16. Dezember

Weihnachtswunder gibt’s tatsächlich! – Teil 16

»Du wirkst traurig, Frieda. Wo ist dein Sohn?« Meine Worte waren mal wieder schneller draußen als ich denken konnte. Meine verflixte Neugier brachte mich nicht zum ersten Mal in eine peinliche Situation.

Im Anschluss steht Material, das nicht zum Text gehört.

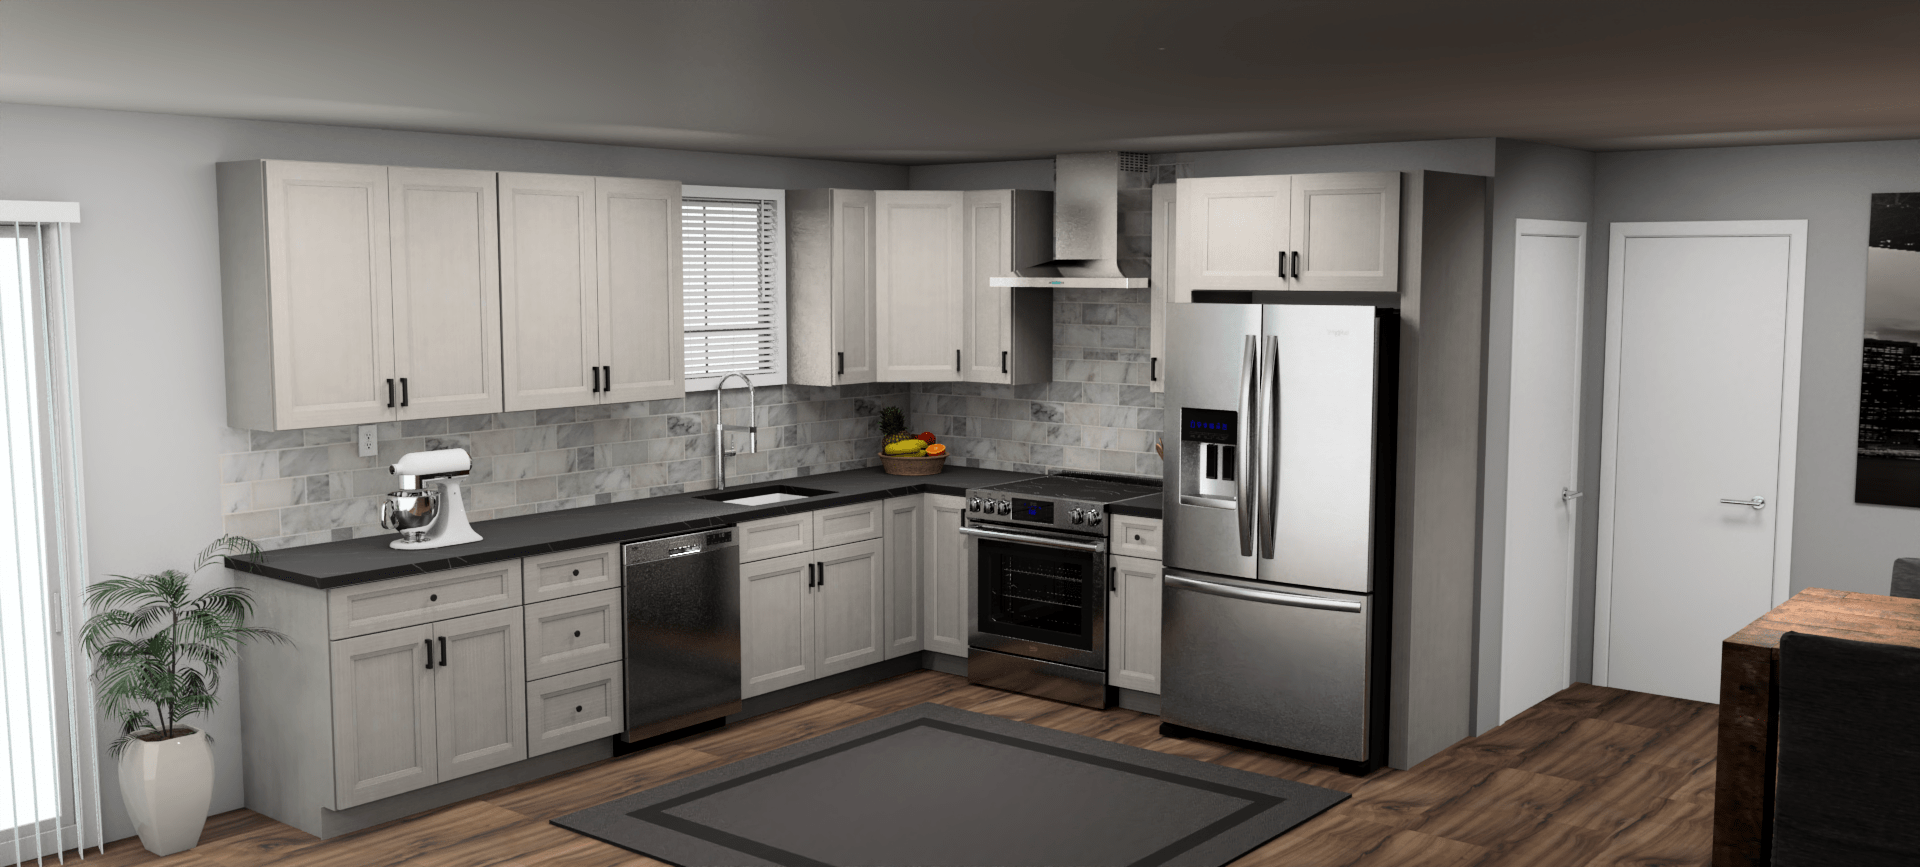 Fabuwood Allure Onyx Horizon 12 x 10 L Shaped Kitchen Main Layout Photo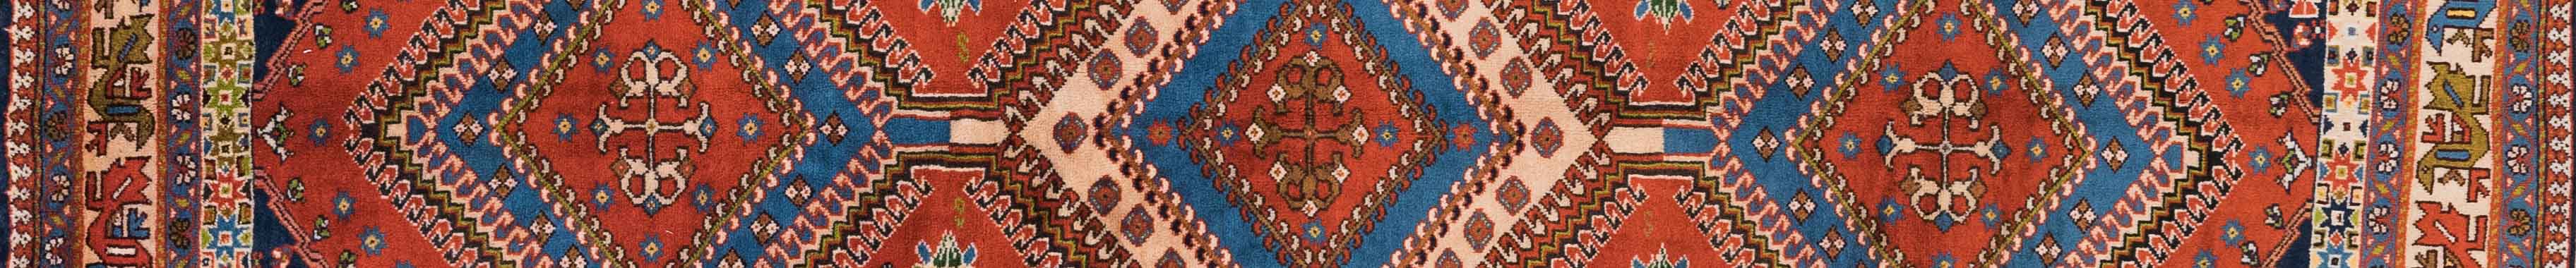 Yalameh Persian Carpet Rug N1Carpet Canada Montreal Tapis Persan 3150

»Lea! Meine Güte, Kind. So etwas fragt man doch nicht!« Mama war meine Frage sichtlich unangenehm. Frieda und Johann warfen sich einen Blick zu. Johann nickte kaum merklich und seine Frau seufzte. »Es ist schon in Ordnung, dass Lea fragt«, antwortete sie. »Vor einundvierzig Jahren haben wir unseren siebenjährigen Sohn verloren. Er wurde entführt. Auch aus den Nachbarstädten verschwanden Kinder. Bis auf uns erhielten die Eltern jedoch Lösegeldforderungen. Die Polizei hatte zwei Vermutungen: Entweder handelte es sich um einen Trittbrettfahrer oder die Entführer hatten schnell bemerkt, dass bei uns kein Geld zu holen war. Vermutlich wurde unser Sohn umgebracht.«

»Die anderen Kinder kamen also wieder frei?« Jetzt war Mama auch neugierig.

Johann nickte. »Ja, nur unser Sohn kam nie zurück. Die Entführer gestanden noch einige andere Straftaten, aber sie wehrten den Vorwurf ab, auch am Verschwinden unseres Kindes beteiligt gewesen zu sein.«

Fortsetzung folgt …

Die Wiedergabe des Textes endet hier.